Las zapatillas
Le arrancó de su sueño un pipipipí pipipipí pirripipí de maquinita absurda. Este pálpito eléctrico había sido antes muchas otras cosas: el silbato atascado de un vagón de mercancías; la cuenta atrás - cinco cuatro tres -, del despegue hacia la luna; las tardes en la playa con Elena.
Ahora, el pitido prolongado, ya era el apremio del tiempo.
Los dígitos enrojecidos, 8:48, pronosticaron la carrera a tientas hasta el cuarto de baño, el tropezón en las rodillas, cagoendiez, el golpetazo al interruptor y la herida de la luz en las pupilas.
Llegaba tarde.
A malas se metió en los tejanos, se arremangó la camisa hasta los codos y buscó las zapatillas debajo de la cama. Aquí no, esto es la sábana. Esto tampoco, una pelusa. Esta. Esta es la otra. Y salió corriendo a la oficina.
Llovía, claro está. El agua parecía llegarle a la cintura. Qué sinvivir, y yo sin paraguas. Las zapatillas, volando delante de su sombra, le arrastraron hasta la parada del 32, donde el autobús se escapaba burlándose de sus prisas.
- Así que esto es un lunes – se dijo oportunamente.
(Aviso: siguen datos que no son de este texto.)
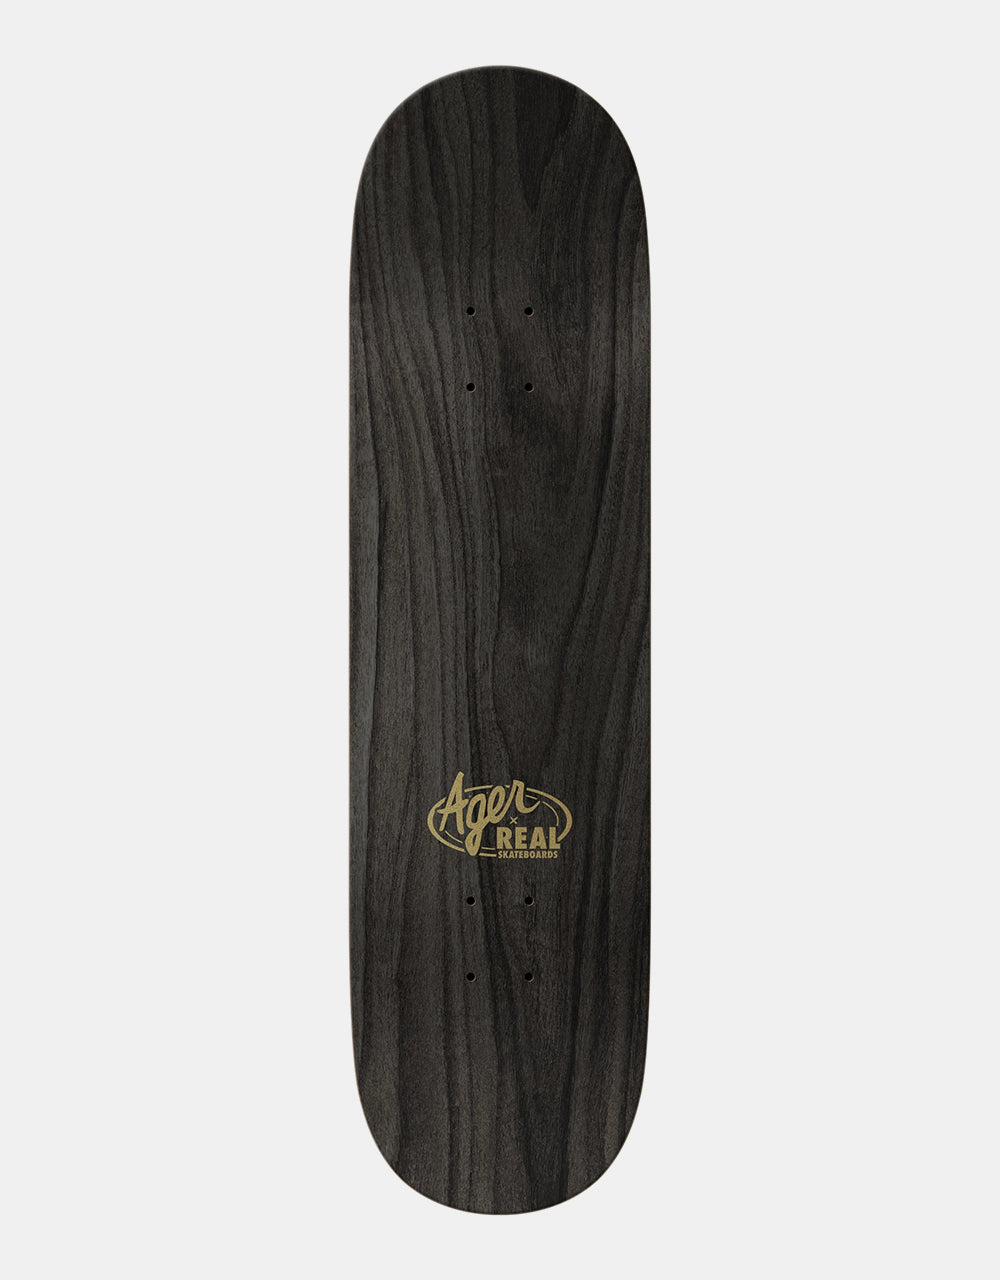 Real Lintell By Kathy Ager Skateboard Deck - 8.5"

Mientras paseaba su impaciencia de un lado a otro de la marquesina, notó el primer desplante. Una señora se empeñó en clavarle la mirada de abajo arriba, de arriba abajo. Y vuelta a empezar.
- ¿Qué? - dijo él.
- Nada – replicó ella.
- Pues eso – contestó él.
Colgado ya de la barra, apretujado entre un viejo ojeroso y una joven de gafas de pasta sintió la punzada del amor. Advirtió conmovido que la muchacha del mp3 le observaba con descaro. Piensa en Elena, piensa en Elena, piensa en Elena. La chica sonreía. Le abrumaba la inocente belleza de uniforme. Lolita. Abrió los ojos espantado. Eso no. No. Elena, Elena, Ele... qué ojazos tiene. Aún estoy de buen ver. No. No. No puede ser. Piensa en Elena...
Tres paradas más tarde el uniforme plisado desapareció abandonando una carcajada que se acomodó a lo largo del autobús y se quedó allí, coleteando como una culebrilla.
- Así que esto es el amor – se dijo melancólico.
Y es que estas horas no estaban hechas para el romanticismo.
Dos calles más abajo, después de torcer una esquina y jugar a las olimpiadas con las correas de tres caniches – que a esas horas marcaban el territorio con poca convicción y mucho sueño -, llegó al vestíbulo de la correduría. Empapado, sí. Azorado, también. Y con cara de me he dormido, perdone, no ha sido a posta, no volverá a ocurrir, verá usted, es que he pasado una noche...
Al portero, que en ese preciso momento insinuaba un bostezo, se le torció el hueco de los labios transformándose en otra cosa. Tal vez en un horrible sobresalto. O puede que los ojos le dibujaran dos signos de exclamación. El caso es que trató de advertirle algo. Algo muy importante. Un secreto. Pero él no pudo escuchar el jeroglífico susurro porque ya se encontraba en el ascensor y en el uno, en el dos, en el tres y en el cuatro de su ascenso a la rutina.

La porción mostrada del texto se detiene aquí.